━━━ Input data

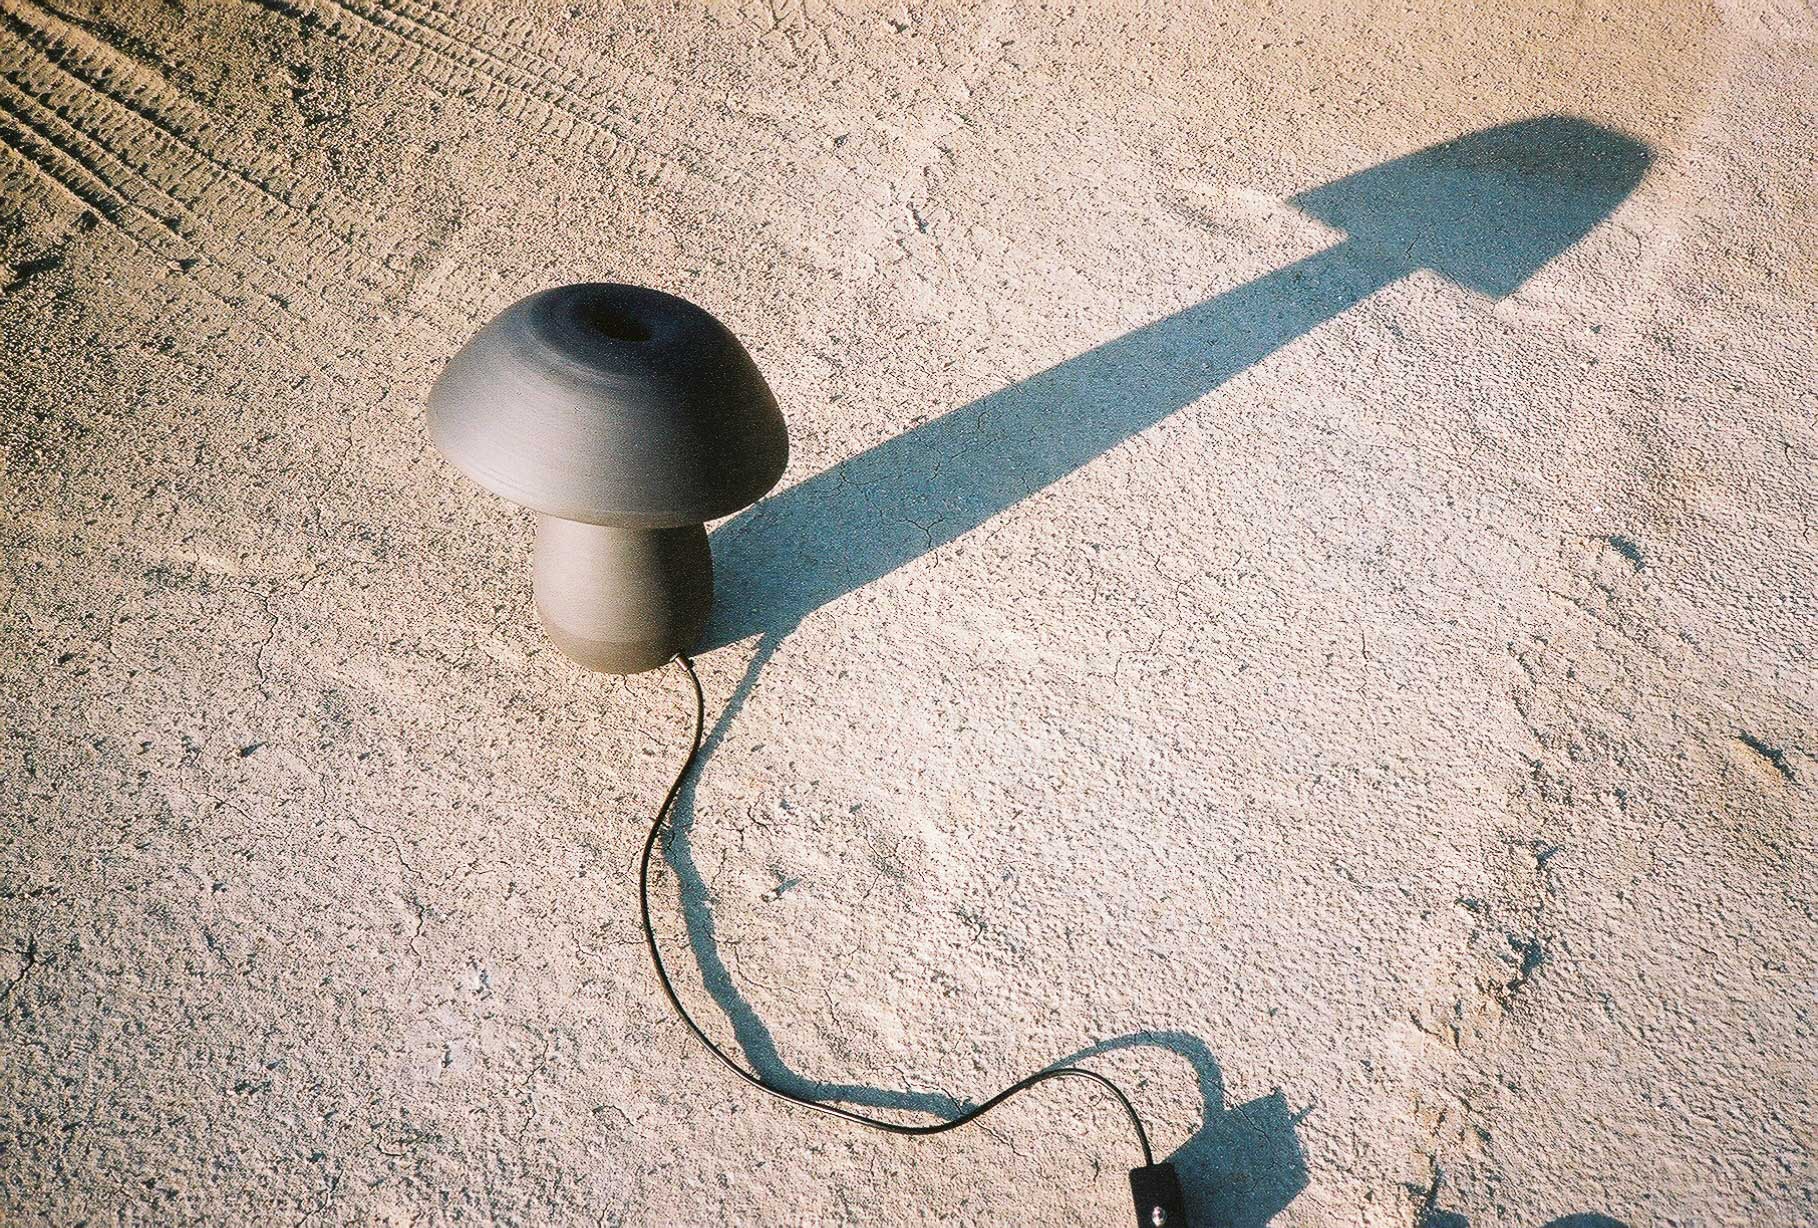 Black Mushroom Lamp shot outside on the ground in the dirt
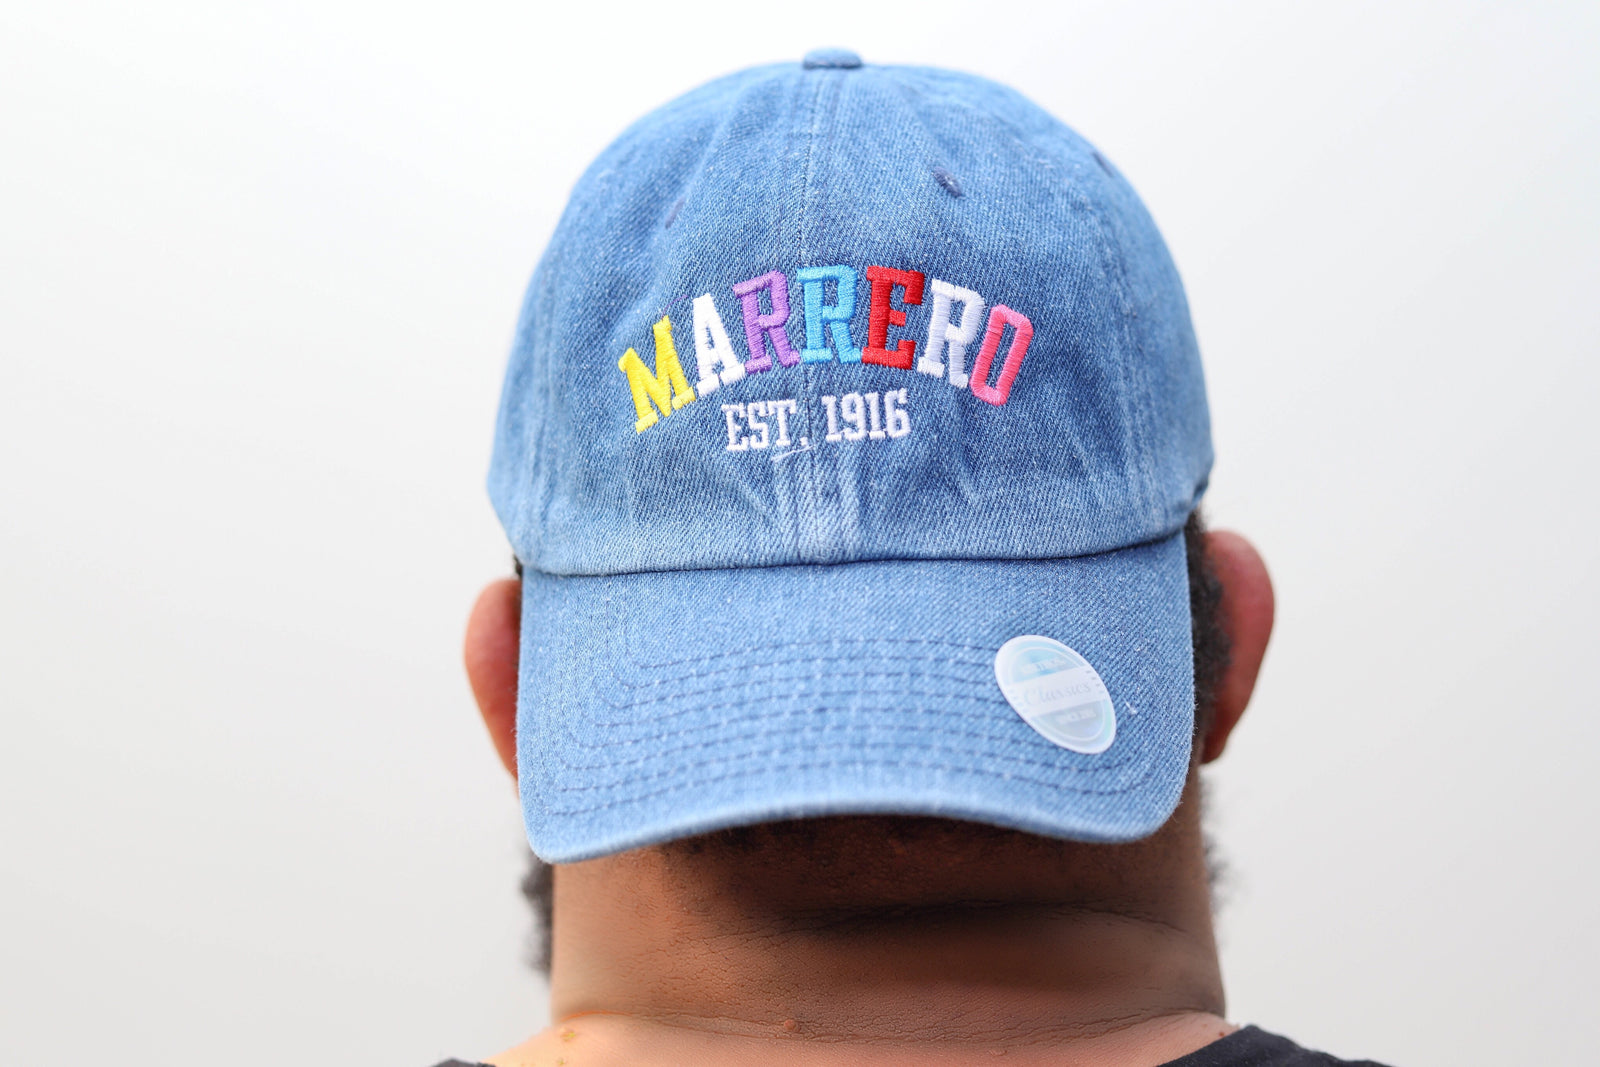 Load image into Gallery viewer, Hood Love Marrero Caps
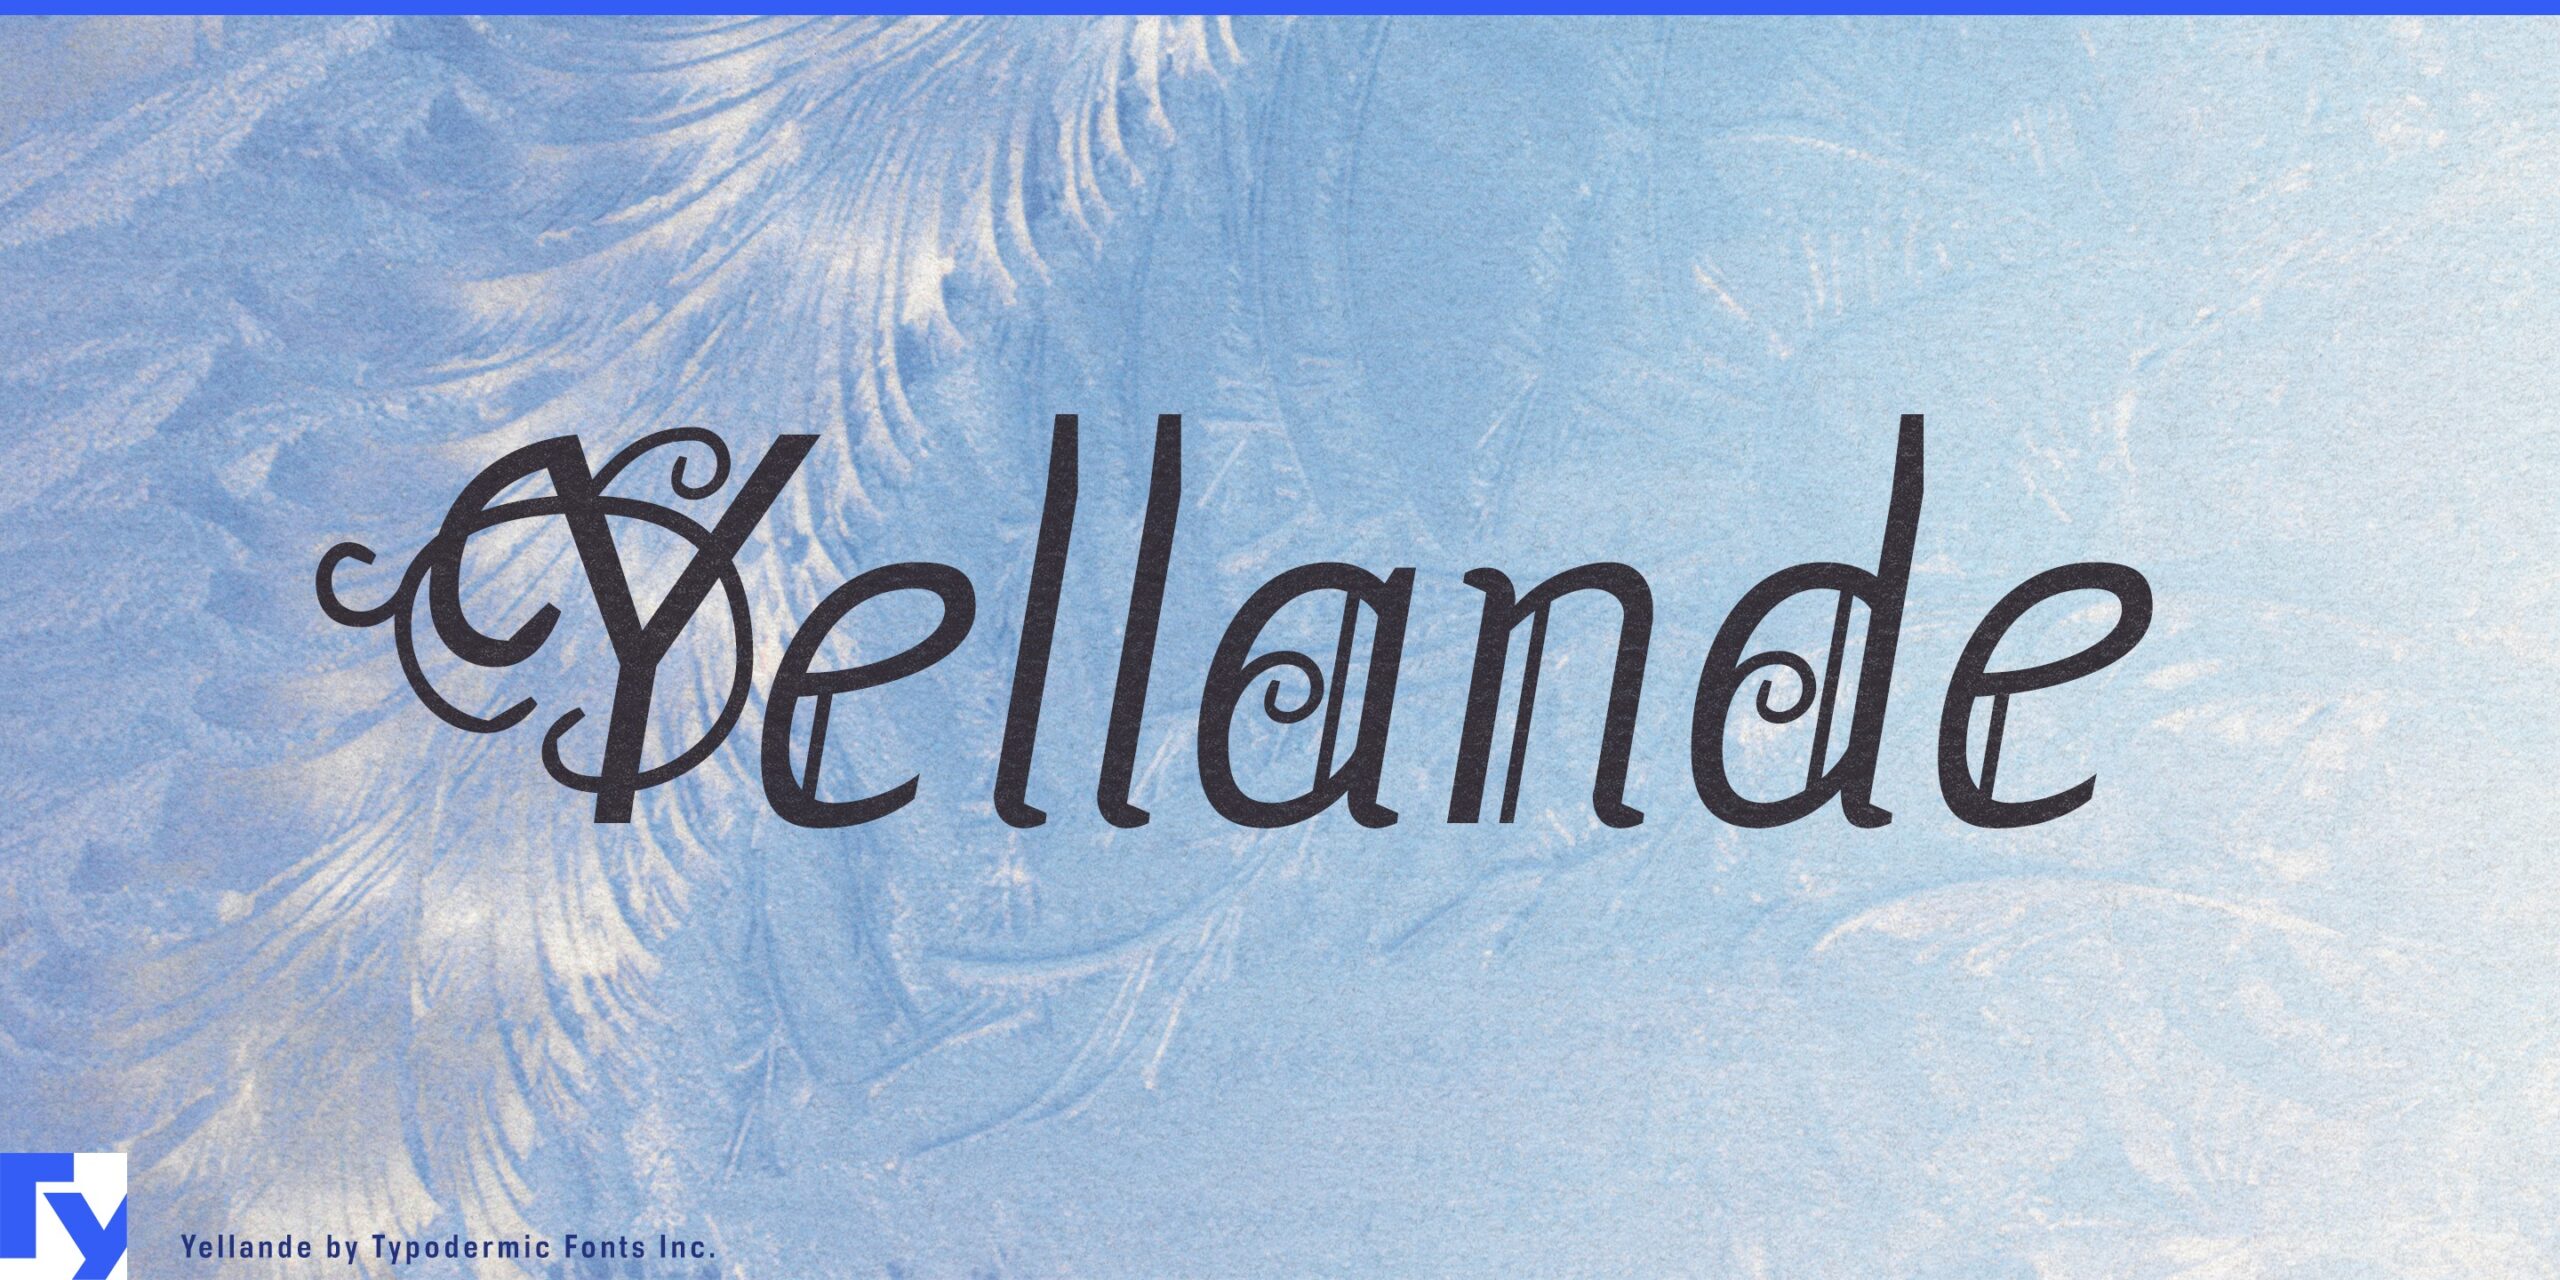 Curled Wrought-Iron Look: Yellande Typeface's Inspiring Creativity

━━━━━━

#### [Exercise aim]
An exact, image-free transcript of the material is required.

#### [Problem solution]
 Black Mushroom Lamp shot outside on the ground in the dirt
 Load image into Gallery viewer, Hood Love Marrero Caps
 Curled Wrought-Iron Look: Yellande Typeface's Inspiring Creativity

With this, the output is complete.